# How do you house your dogs?



## Ben Colbert (Mar 9, 2010)

Just wondering how everyone houses their dogs. Do you guys crate them during the day? Have you built outdoor kennels? 

I'm moving to a place with a fenced in backyard and want to put up a couple of kennel runs but am having a bit of sticker shock.

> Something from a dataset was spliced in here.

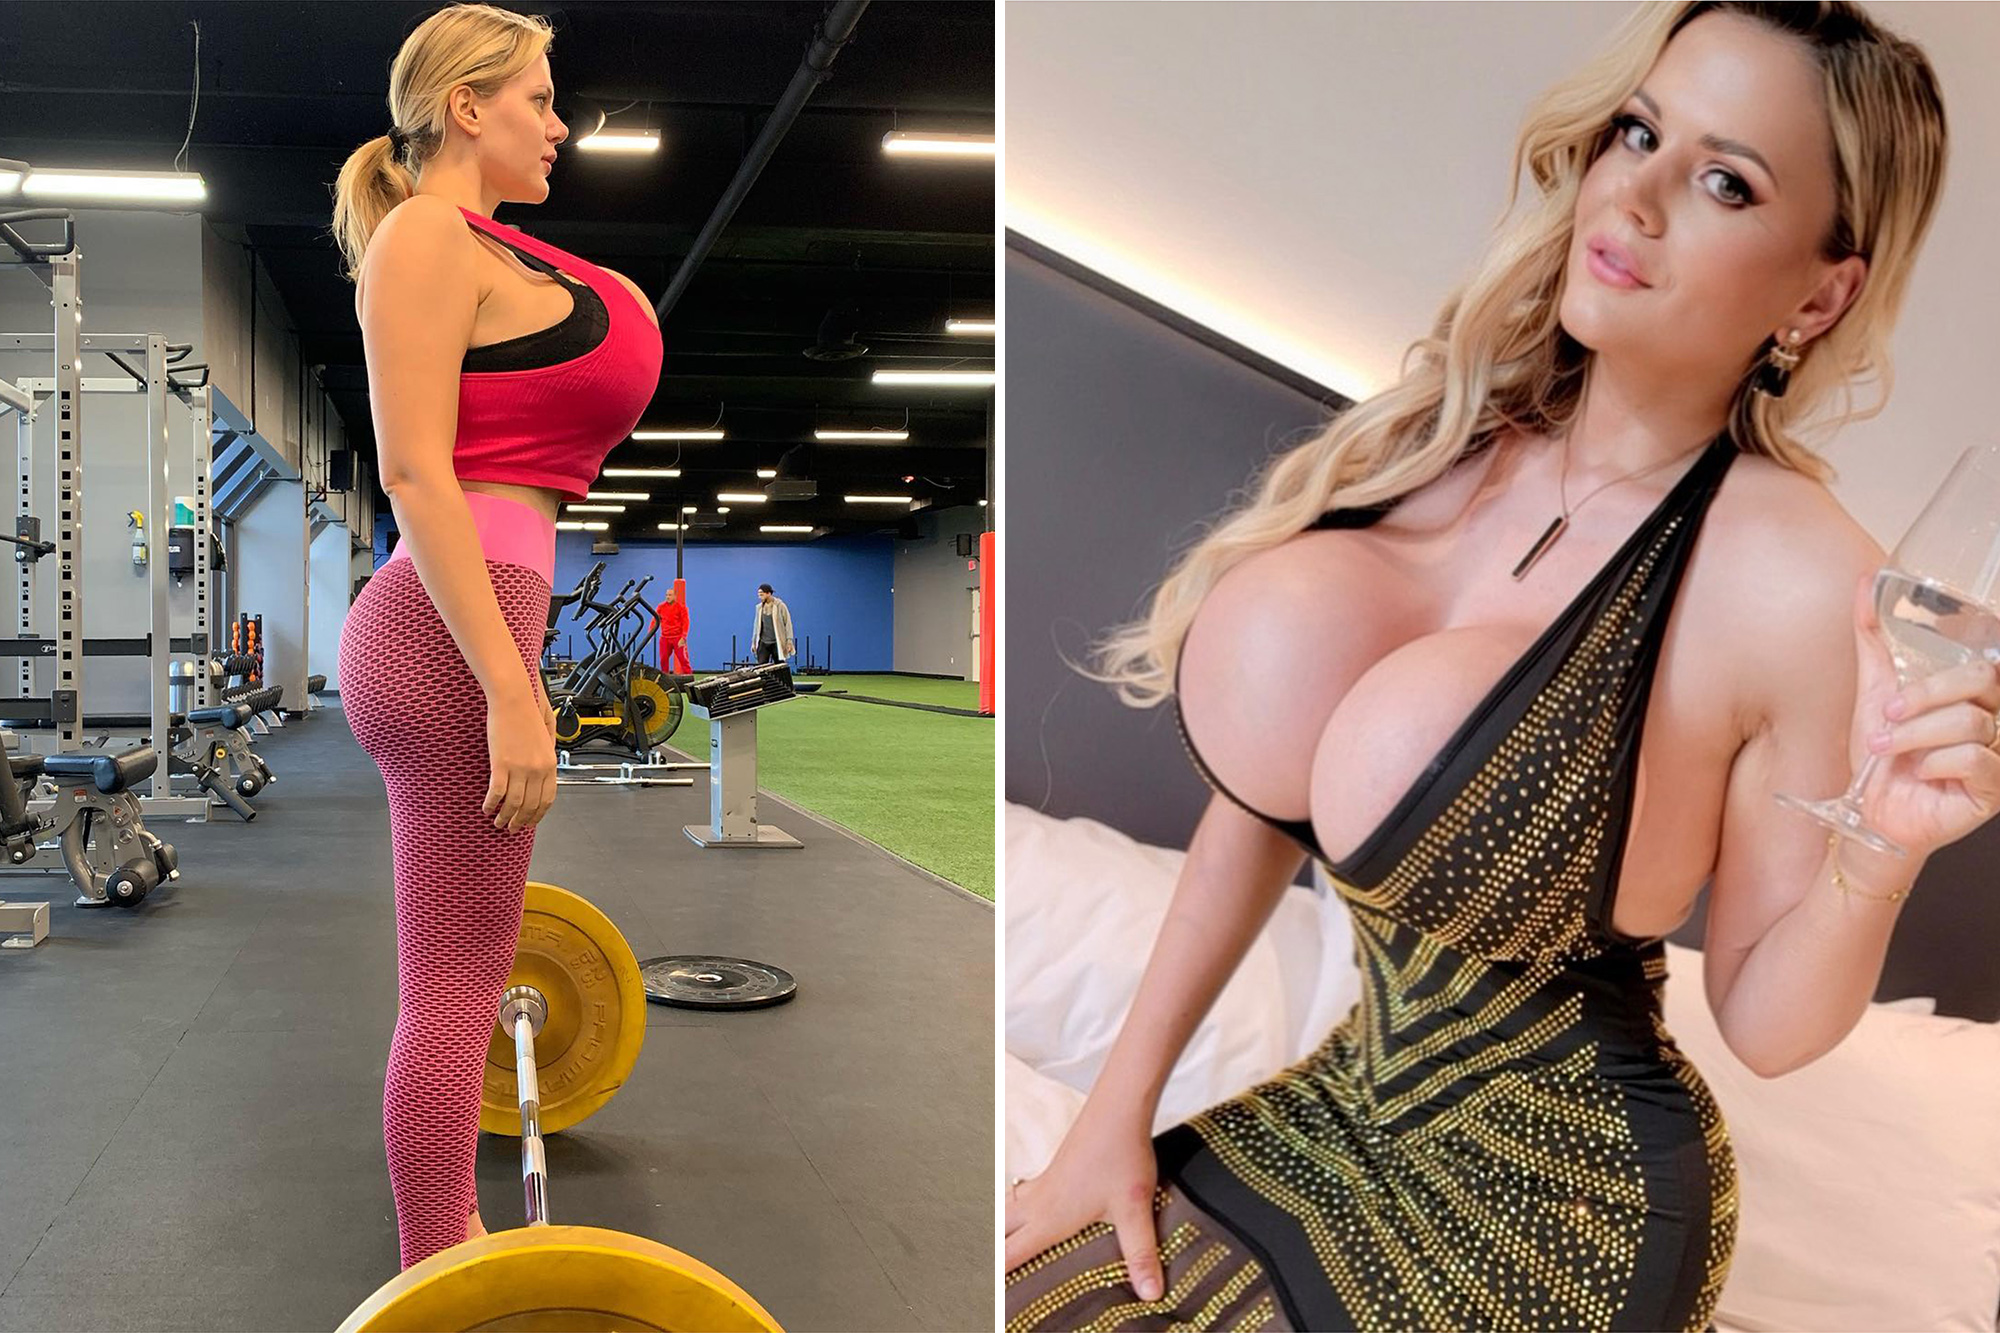 analiza aparece recommends fit women with big boobs pic

Just wanted to see how everyone else does it.


----------



## leslie cassian (Jun 3, 2007)

Three dogs, a Dutchie and a Mal training for schutzhund , and labx who's just a pet, all loose in the house during the day while I work. They're no use as guard dogs locked in a crate or kennel.


----------



## Tammy St. Louis (Feb 17, 2010)

I have 8 dogs, they are loose in the house with me when i am home, when i am not most are in crates, 2 are loose in the house


----------



## Joby Becker (Dec 13, 2009)

Ben Colbert said:


> Just wondering how everyone houses their dogs. Do you guys crate them during the day? Have you built outdoor kennels?
> 
> I'm moving to a place with a fenced in backyard and want to put up a couple of kennel runs but am having a bit of sticker shock.
> 
> Just wanted to see how everyone else does it.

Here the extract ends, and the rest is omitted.